Panizzi's company

Panizzi's company did a few things right when it started issuing payroll cards, according to the consumer advocates we consulted. First, Teamtemps scouted out a card that even those without access to a bank could use without paying hefty fees. This was a crucial step in picking a card provider, Panizzi says, since the company has many employees in rural areas who would need to rely on ATMs to access their cash. (One problem with both prepaid and reloadable debit cards is that there can be high fees for users who want to withdraw cash.) Teamtemps also got information about the card translated into Spanish so workers who didn't have English as a primary language wouldn't struggle to understand how the card worked.

Another card benefit?

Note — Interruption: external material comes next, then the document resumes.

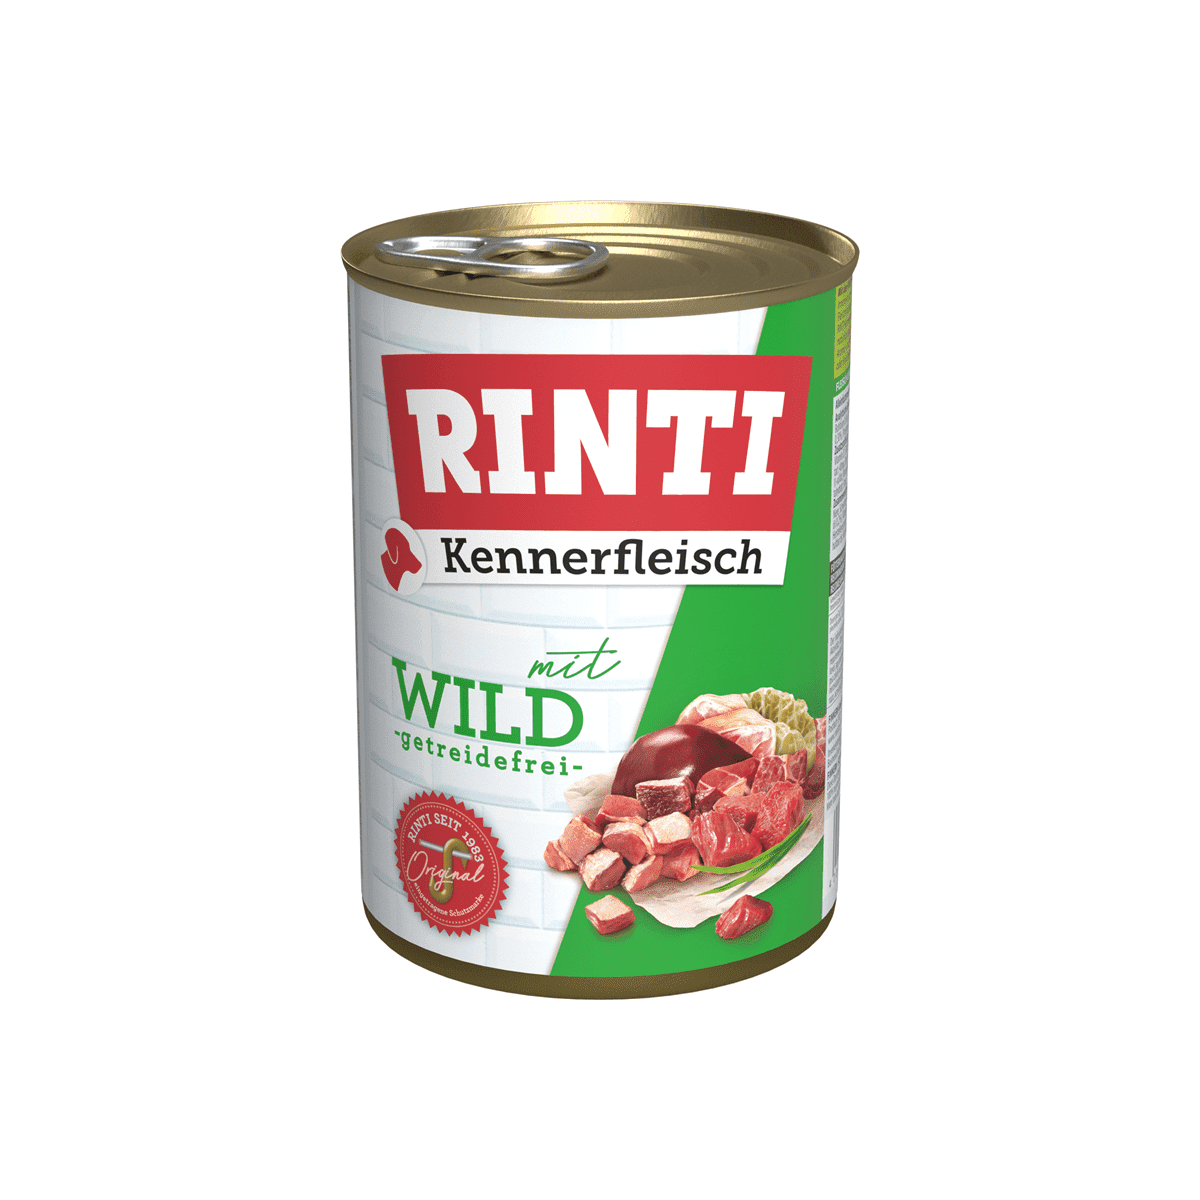 Artikel mit dem Namen Rinti Kennerfleisch Wild im Shop von zoo.de , dem Onlineshop für nachhaltiges Hundefutter und Katzenfutter.

Howe says that they're much cheaper for employers to administer than the paper checks they replace. In addition, for those Americans who are part of what watchdog groups dub the "unbanked," they can be a less-expensive option. "We were focused on the workforce that didn't or couldn't get a bank account," Howe says of his days at Directo. "This lets get them out of the world of check-cashing fees."

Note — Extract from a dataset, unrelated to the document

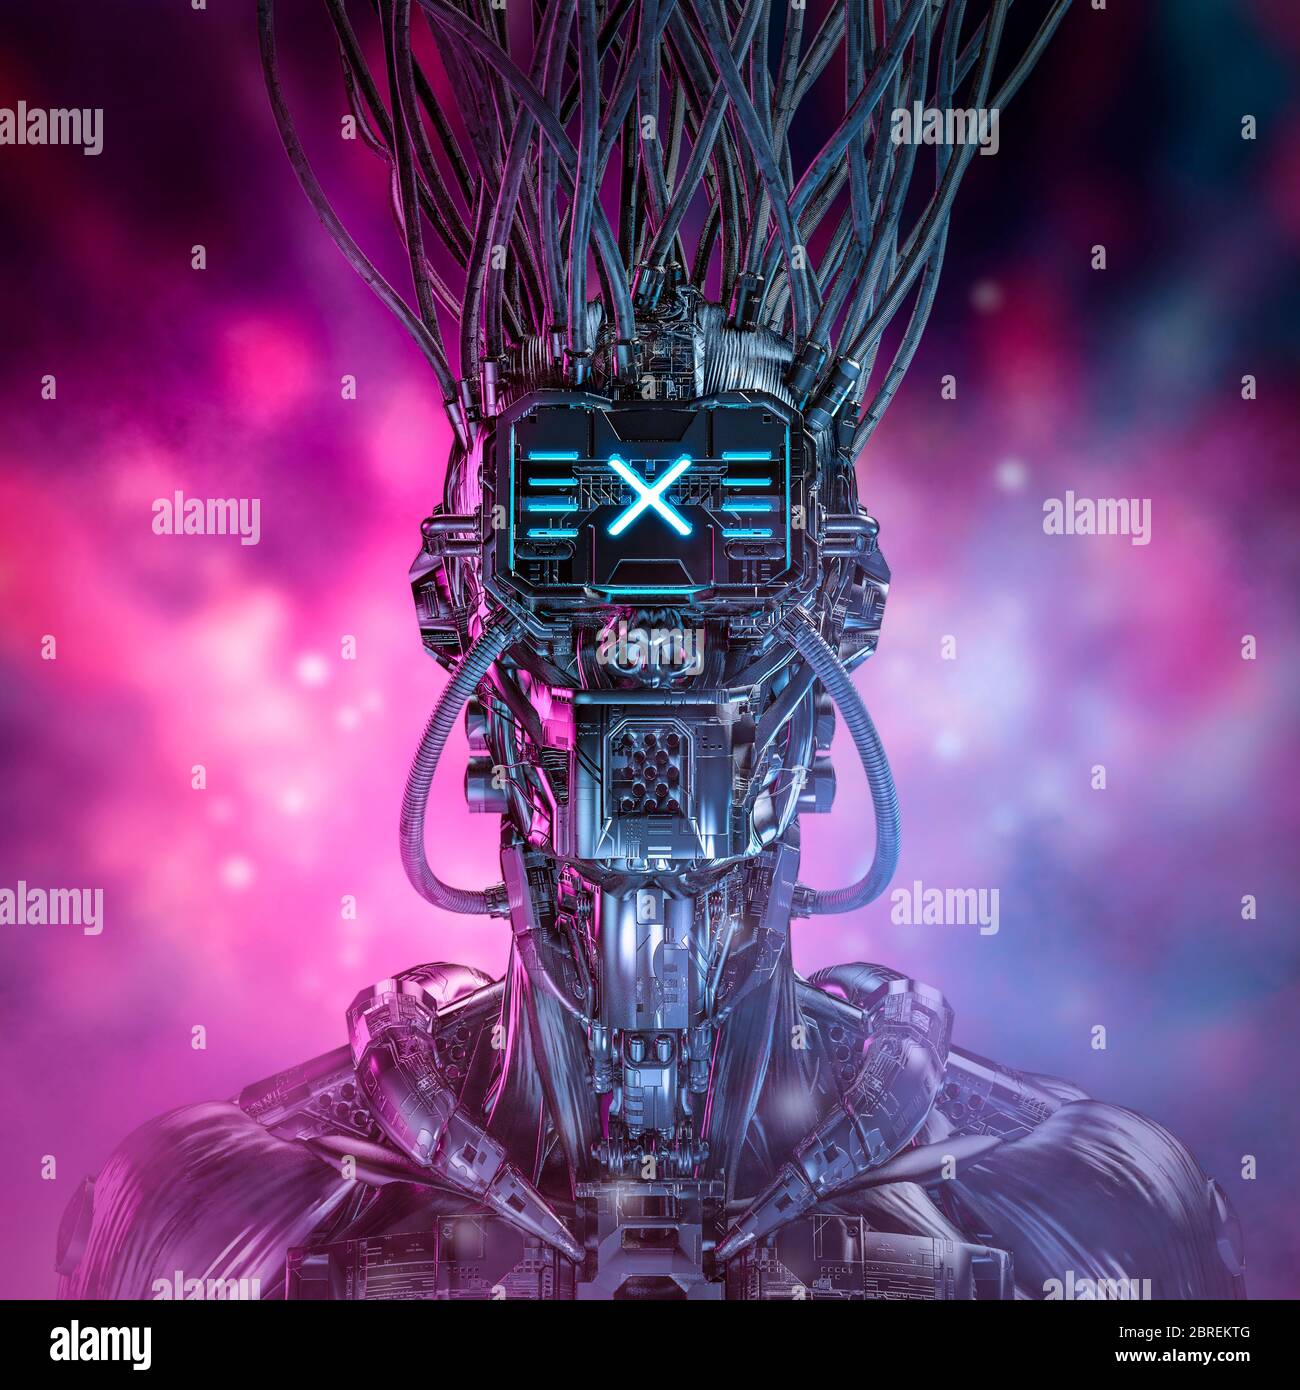 Portrait de gamer cyberpunk / illustration 3D du personnage de robot  futuriste de science-fiction avec fond bokeh lumineux Photo Stock - Alamy

While this is true, the cards can come with plenty of their own fees, a prospect that worries some people like Jean Ann Fox, director of financial services for Consumer Federation of America. While the initial purchase price of the card is often borne by the employer, workers may be subject to fees when they withdraw cash at an ATM, make a purchase in a store, call to check their balance, request a paper statement or need a card replaced if it's been lost or stolen.

Prior to the passage of the Overdraft Act this July, some cards would even let users overdraw and incur hefty fees, which is like extending a short-term loan -- at a payday loan prices. Given that these cards are specifically targeted to workers who are financially unsophisticated, this could add up to a whole lot of trouble.

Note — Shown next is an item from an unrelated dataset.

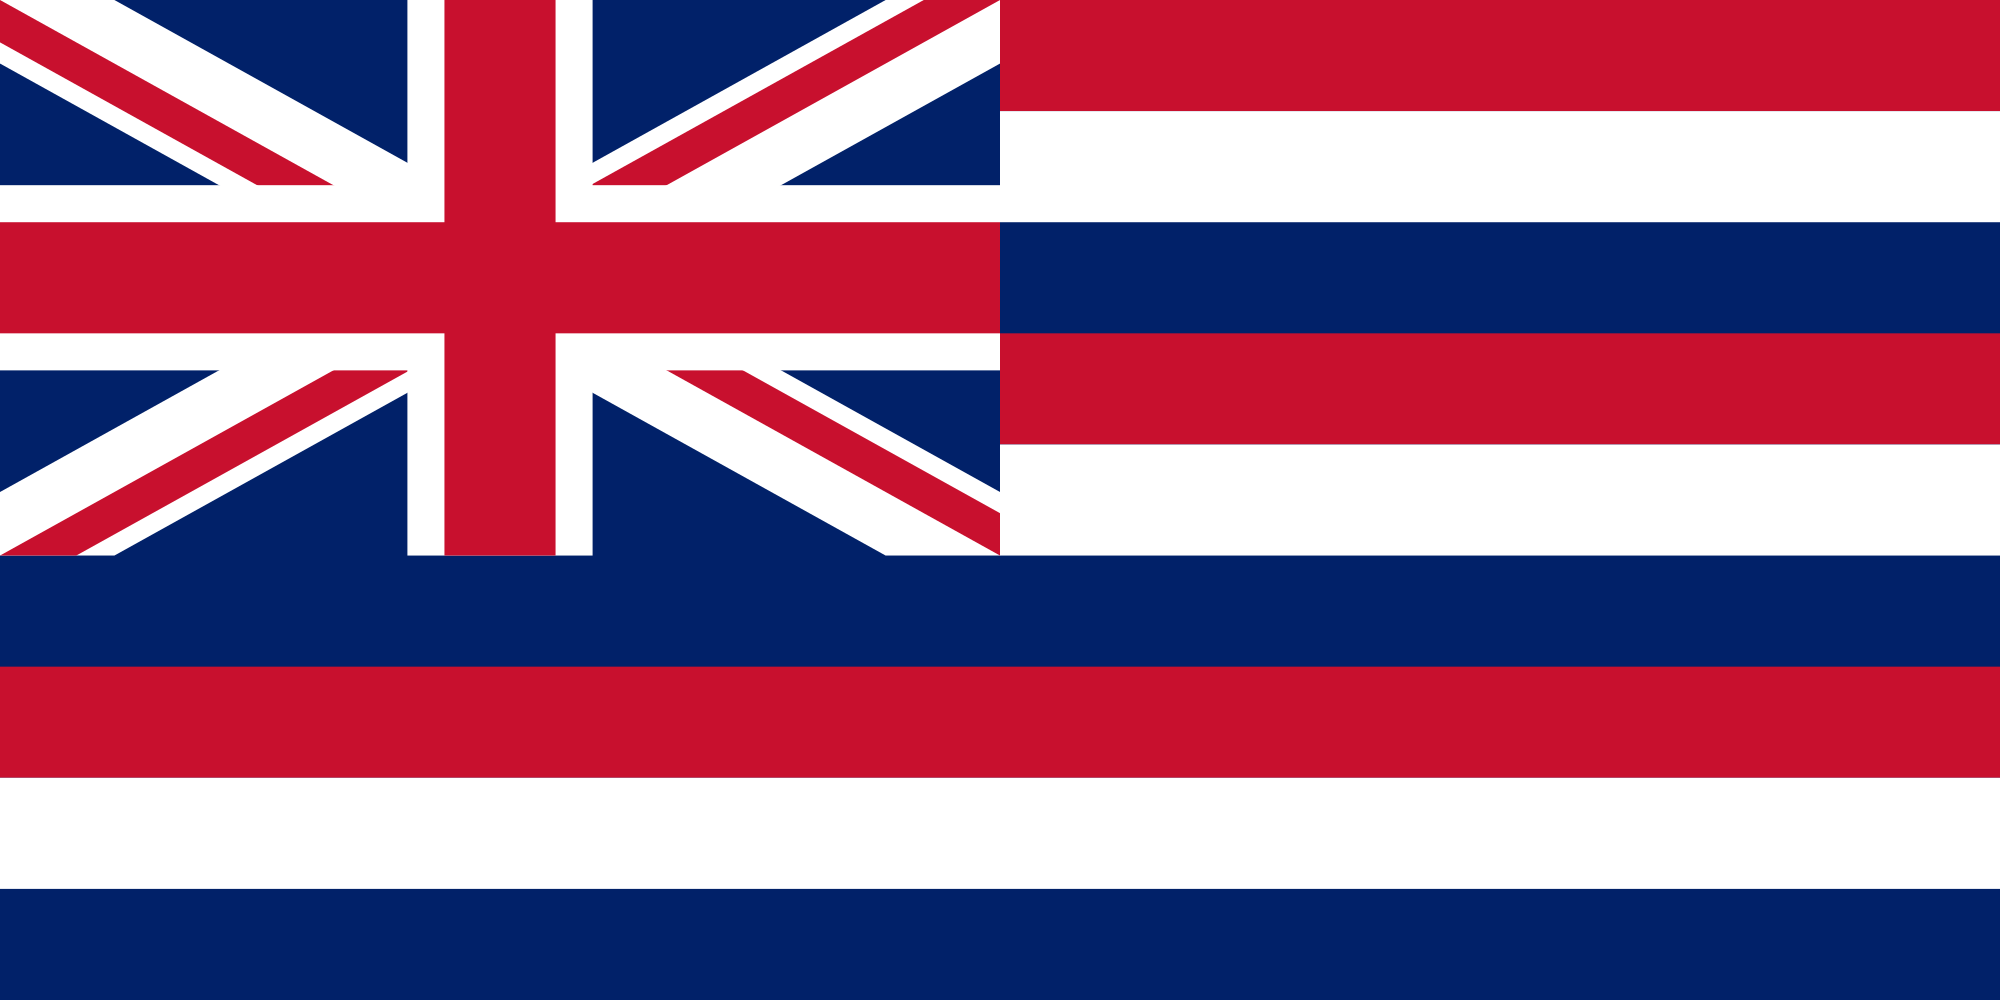 Islands Flags Quiz - By matthijsbp

A big part of the problem is the relative lack of regulation around prepaid and reloadable debit cards. "Our position is that they're legally nebulous," says Angie Wei, legislative director of the California Labor Federation. "There's no oversight or regulatory framework."

California has better laws than many states when it comes to payroll cards, but Wei says that the lack of a national framework to regulate these cards puts cardholders at risk of falling through the cracks. This legal gray area is troubling to many consumer advocates, who point out two main trouble spots with the cards.

First, there aren't many limits on the types of fees and the amounts of those fees that a card issuer can charge the user. A total of 11 states have laws on the books saying that a worker has to have the right to access their pay without paying a fee, so most payroll cards permit one free withdrawal per pay period. If the cardholder doesn't have a bank account, though, this isn't really practical; they'd be in the same unsafe situation -- carrying around piles of cash -- that you'd imagine they got the card to avoid. In reality, using the card can cost the worker his or her hard-earned money. Even Howe acknowledges, "Some of the programs out there even today are very expensive for the worker."

A potentially bigger problem has to do with FDIC insurance. Under FDIC rules, if you have a bank account with less than $250,000 in it and the bank fails, you get your money back. If an entire company's worth of payroll deposits are lumped into a single account, though, there's no legal guarantee that all the money would be returned to its rightful owners if the bank goes bankrupt.

"You and I take for granted that if your bank folds tomorrow, we're going to get our money back," says CFA's Fox. This also is a problem with general-purpose prepaid debit cards, which we've discussed before on WalletPop.